Work instruction:
Find and copy each line in the material below where the string "eines" occurs.
——————
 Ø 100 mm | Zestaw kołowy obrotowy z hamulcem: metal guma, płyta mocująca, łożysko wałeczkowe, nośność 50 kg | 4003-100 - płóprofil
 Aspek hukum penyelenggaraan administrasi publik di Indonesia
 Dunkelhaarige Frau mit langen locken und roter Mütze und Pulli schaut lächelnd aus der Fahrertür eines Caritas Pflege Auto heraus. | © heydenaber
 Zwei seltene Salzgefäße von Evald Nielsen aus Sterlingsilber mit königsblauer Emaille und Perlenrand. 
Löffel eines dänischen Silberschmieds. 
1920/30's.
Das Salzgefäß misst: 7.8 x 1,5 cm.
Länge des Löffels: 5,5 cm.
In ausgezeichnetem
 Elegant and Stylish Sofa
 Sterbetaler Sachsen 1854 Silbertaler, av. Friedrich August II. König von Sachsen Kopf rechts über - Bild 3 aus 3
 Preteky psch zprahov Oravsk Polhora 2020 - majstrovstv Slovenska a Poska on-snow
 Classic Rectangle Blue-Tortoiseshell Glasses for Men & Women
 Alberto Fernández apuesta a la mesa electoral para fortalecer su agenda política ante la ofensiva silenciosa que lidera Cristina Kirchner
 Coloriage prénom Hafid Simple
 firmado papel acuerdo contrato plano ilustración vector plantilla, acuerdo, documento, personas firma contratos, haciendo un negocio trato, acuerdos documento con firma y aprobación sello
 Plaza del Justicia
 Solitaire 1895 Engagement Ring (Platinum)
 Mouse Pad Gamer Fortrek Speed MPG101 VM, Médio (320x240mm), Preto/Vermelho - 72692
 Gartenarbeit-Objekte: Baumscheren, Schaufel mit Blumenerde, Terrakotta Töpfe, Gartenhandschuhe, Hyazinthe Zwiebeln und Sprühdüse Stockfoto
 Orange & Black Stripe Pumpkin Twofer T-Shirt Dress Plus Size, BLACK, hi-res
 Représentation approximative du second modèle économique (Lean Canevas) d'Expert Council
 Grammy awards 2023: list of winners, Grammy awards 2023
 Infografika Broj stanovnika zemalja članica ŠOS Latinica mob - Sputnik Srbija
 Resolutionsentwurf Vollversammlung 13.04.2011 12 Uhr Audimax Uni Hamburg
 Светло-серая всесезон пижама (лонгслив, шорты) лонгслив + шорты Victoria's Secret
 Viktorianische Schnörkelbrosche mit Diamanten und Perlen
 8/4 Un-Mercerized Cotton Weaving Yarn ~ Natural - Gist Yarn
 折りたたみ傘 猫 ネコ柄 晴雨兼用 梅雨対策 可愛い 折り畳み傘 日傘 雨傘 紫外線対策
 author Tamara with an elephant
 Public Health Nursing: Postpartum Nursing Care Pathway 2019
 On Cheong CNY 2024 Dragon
——————
Answer to the problem:
 Dunkelhaarige Frau mit langen locken und roter Mütze und Pulli schaut lächelnd aus der Fahrertür eines Caritas Pflege Auto heraus. | © heydenaber
Löffel eines dänischen Silberschmieds. 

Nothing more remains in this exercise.